The company recently overtook Pfizer in market value terms — a significant milestone given that the US firm attempted a hostile takeover of its UK rival nine years ago. AstraZeneca’s shares have climbed more than 123 per cent in the past five years, despite the well-documented turbulence surrounding its Covid-19 vaccine.
Some corners of management are clearly feeling bullish about the company’s prospects for continued growth. It was announced this month that Michel Demaré, non-executive chair of the board, had purchased 2,000 of the company’s ordinary shares at a price of £117 each.
On the other hand, chief financial officer Aradhana Sarin sold £1.15mn-worth of American depository shares a couple of days later. Two ADSs are worth one ordinary share.
Sarin previously sold more than 16,000 shares in November last year, a trade valued at £2.15mn. The share price has risen by roughly 9 per cent since then.
FactSet broker consensus says sales could rise to $46bn (£36.8mn) for the full financial year, up from $44bn last year. By December 2025, analysts currently estimate revenue will grow to over $54bn.
Superdry chief tops up through equity raise
Superdry’s shares have cratered by 40 per cent this year on the back of weak trading and the withdrawal of profit guidance. Management had told the market that it expected pre-tax profits for this financial year of £10mn-£20mn. This was downgraded to a rough break-even position in January. Then, last month, “given the challenging trading environment”, even that was removed.
The fashion retailer has pinned trading issues — retail sales growth “at a slower rate than anticipated” and a difficult wholesale recovery — on the cost of living crisis and its impact on consumer spending. According to the board, demand for the company’s spring-summer collection has also been hit by inclement weather. Investors, as the year-to-date mark down of the shares indicates, are far from satisfied.

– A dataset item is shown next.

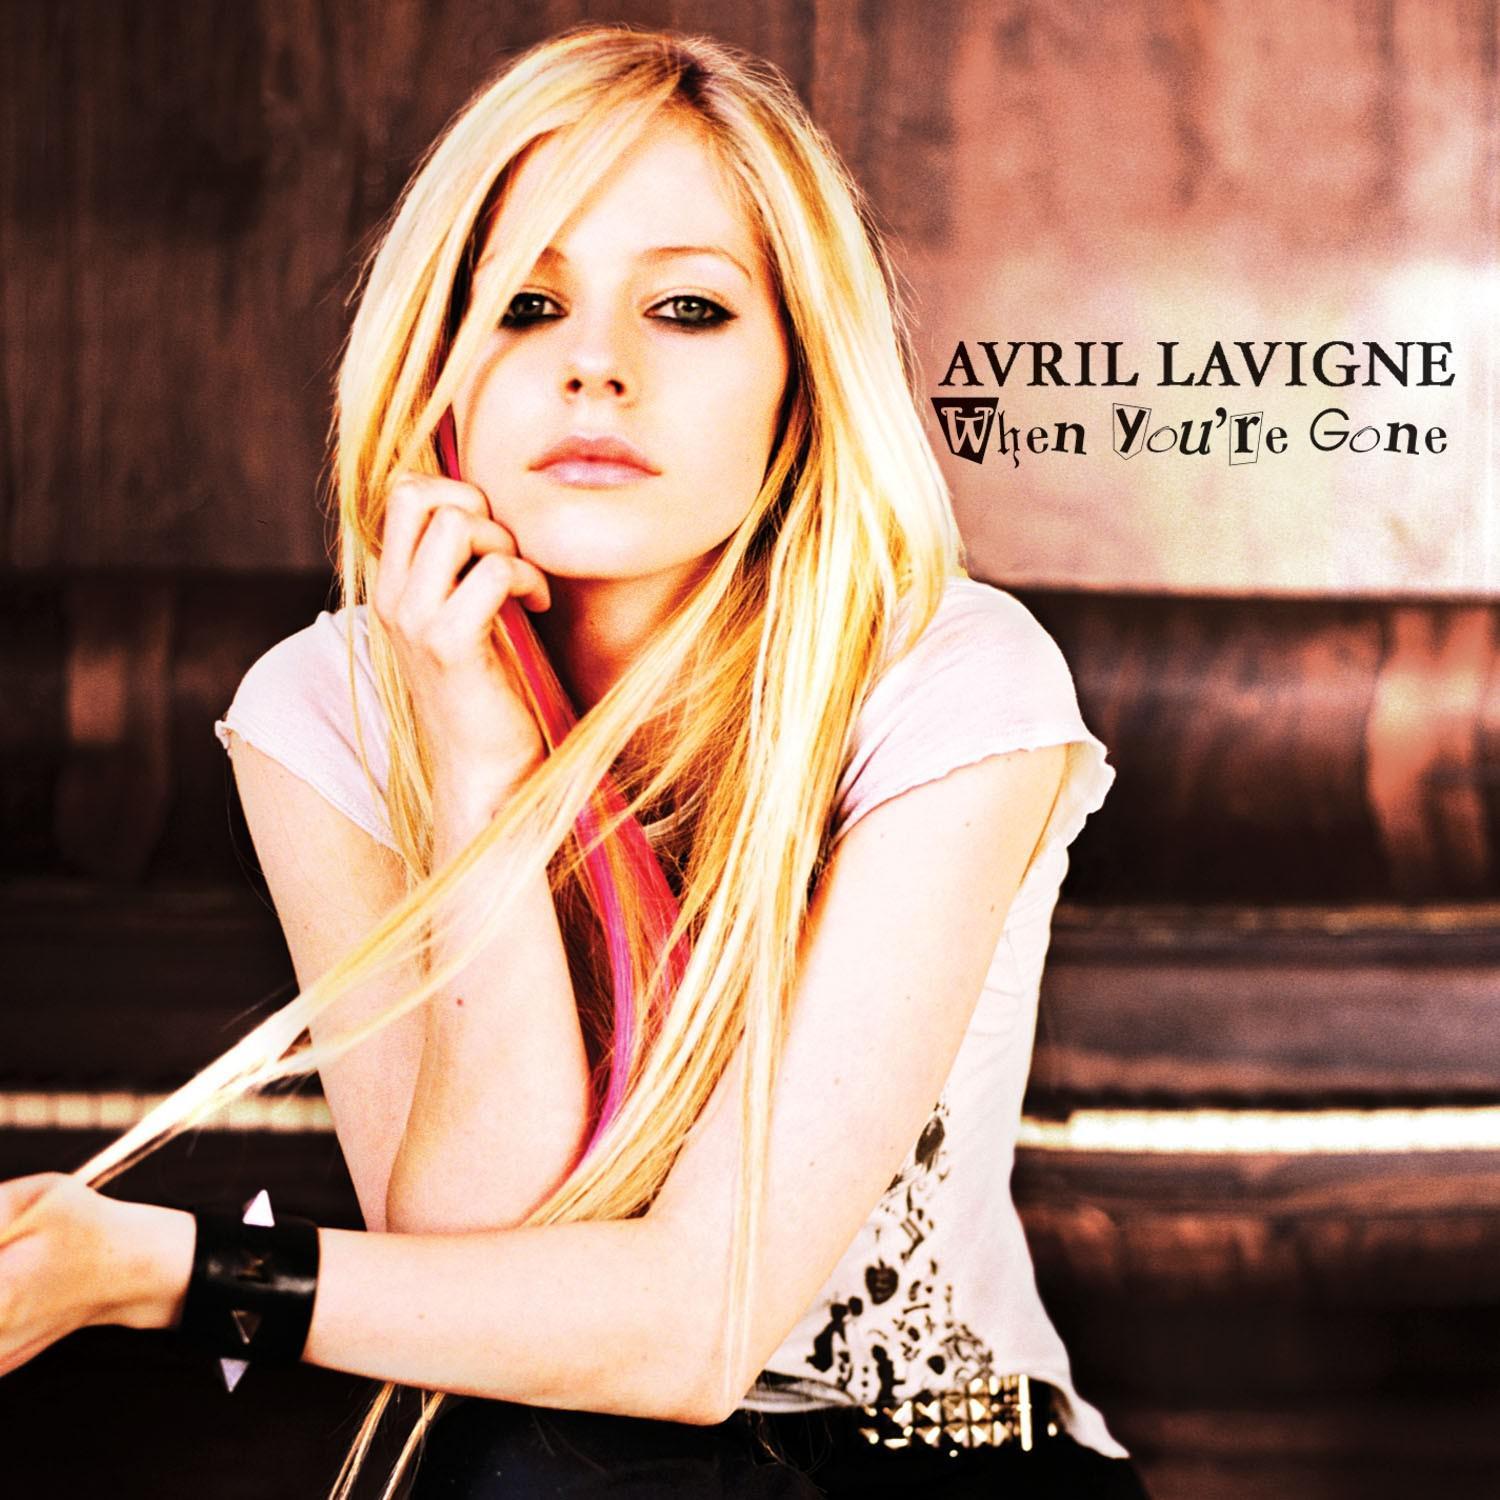 When You're Gone Avril Lavigne Wiki FANDOM powered by Wikia

In this context, the turnround plan that founder and chief executive Julian Dunkerton is spearheading looks much needed. Around £35mn of initial cost savings have been identified, through such means as optimising the estate and improving procurement (which the company expects will be fully realised in financial year 2024) and work is being done to deliver further cost-cutting. Management expects this to deliver a “material uplift” in underlying profitability over the medium-term.
A turnround needs cash. Superdry proceeded with an equity raise, via a retail offer and placing of ordinary shares, earlier this month and raised gross proceeds of £12mn. Dunkerton’s bullishness on the future of the business was apparent in his acquisition of 4.5mn shares on 4 May as part of the raise, which takes his interest in the company’s shares to over 25 per cent.
The shares are rated at 15 times forward earnings, according to consensus forecasts on FactSet, in line with the five-year average. Analysts forecast sales of £624mn this financial year, in the middle of management’s guidance range of £615mn to £635mn, and a net loss of over £7mn.